It also expands the pedigree data by adding information about the family that each individual was born in and the
family in which the individual is the reproductive animal.
org_fams(ped, sampledata, output = "both")org_fams(ped, sampledata, output = "both")
ped |
Data frame. |
sampledata |
Data frame. Metadata for all genetic samples that belong
to the individuals included in pedigree reconstruction analysis.
This data frame should adhere to the formatting and naming conventions
outlined in the |
output |
Character string. Determines the format of the output. Options are: "ped": returns an extended pedigree data frame. "fams": returns a table of all families present in the pedigree. "both": returns a list with two data frames: "ped" and "fams". (Default) |
Families and Half-sib Groups
The result of org_fams() function introduces us to two important concepts
within the context of this package: family and half-sib group. A family in the
output of this function is defined as a group of animals where at least one
parent and at least one offspring is known. A half-sib group refers to a
group of half-siblings, either maternally or paternally related. In the
function output the DadHSgroup groups paternal half-siblings and MomHSgroup
maternal half-siblings.
Lineage Isolation for Visualization
The DadHSgroup and MomHSgroup identifiers are usefull for managing pedigree
visualization in long-lived or polygamous species. By using DadHSgroup or
MomHSgroup, users can identify all FamIDs or individuals associated with a specific parent.

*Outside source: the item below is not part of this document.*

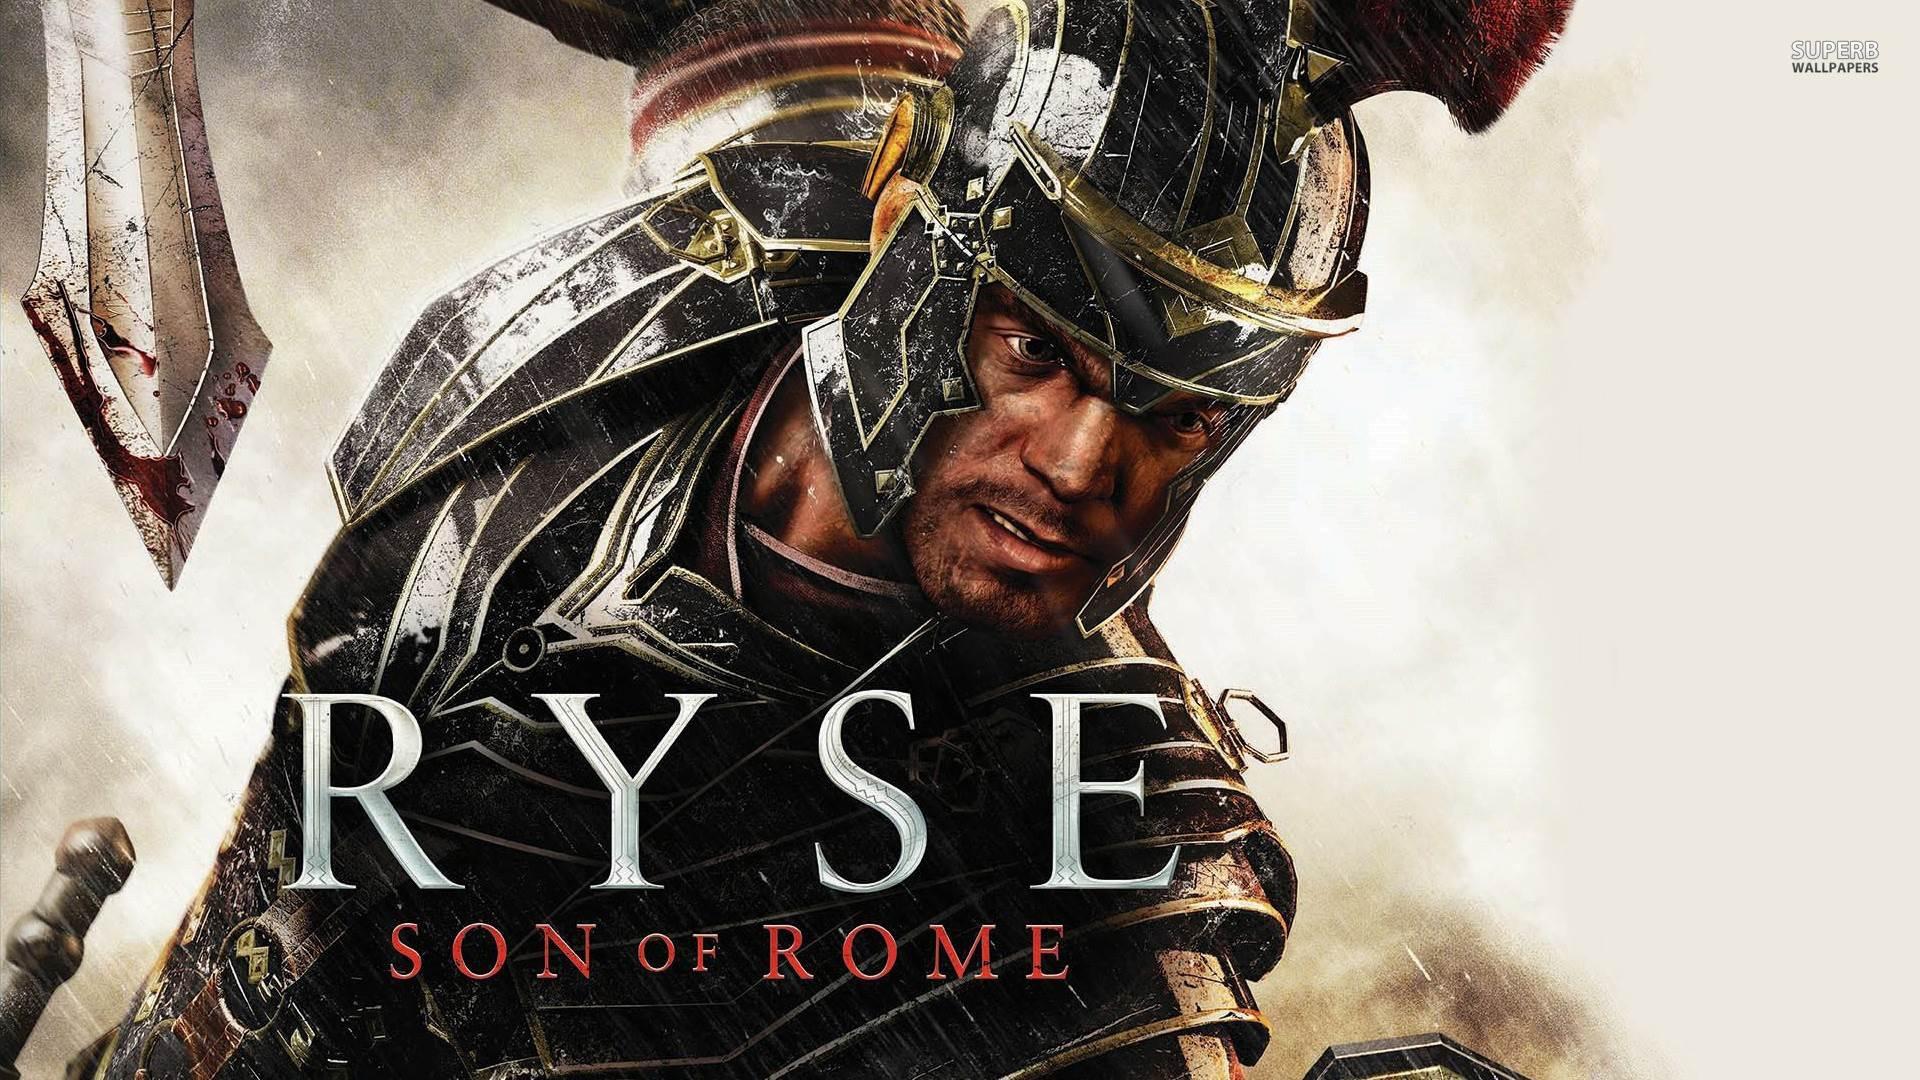 ryse-son-of-rome-wallpaper.jpg

This vector of IDs or individuals of interest can then be passed to the
plot_fams or plot_indivs argument in plot_table() to isolate and visualize
specific paternal or maternal lineages, preventing visual clutter in ped_satplot().
Temporal Estimation (famStart and famEnd)
The fams output dataframe contains famStart and famEnd columns, which estimate
a time window for the family based solely on sample collection dates provided in sampledata.
famStart marks the date of the earliest sample collected from any offspring
belonging to that family. famEnd indicates the date of the latest sample collected
from either the mother or the father of that family. It is important to recognize that this
method relies on observation (sampling) times. Consequently, famEnd (last parental sample date)
can precede famStart (first offspring sample date), creating a biologically impossible sequence
and a negative calculated family timespan. Users should interpret the interval
between famStart and famEnd with this understanding.
Depending on the output parameter, the function returns either a data frame
(ped or fams) or a list containing both data frames (ped and fams).
ped data frame. An extended version of the pedigree data from get_colony()/get_ped().
In addition to common pedigree information (individual, mother, father, sex,
family), ped includes columns for:
parents: Identifier codes of both parents separated with _.
FamID: Numeric identifier for the family to which the individual belongs (see fams below).
FirstSeen: Date of first sample of individual.
LastSeen: Date of last sample of individual.
IsDead: Logical value (TRUE/FALSE) that identifies if the individual is dead.
DadHSgroup: Identifier of paternal half-sib group (see Details).
MomHSgroup: Identifier of maternal half-sib group (see Details).
hsGroup: Numeric value indicating if the individual is part of
a half-sib group (see Details).
fams data frame includes information on families that individuals in the pedigree
belong to. The families are described by:
parents: Identifier codes of both parents separated with _.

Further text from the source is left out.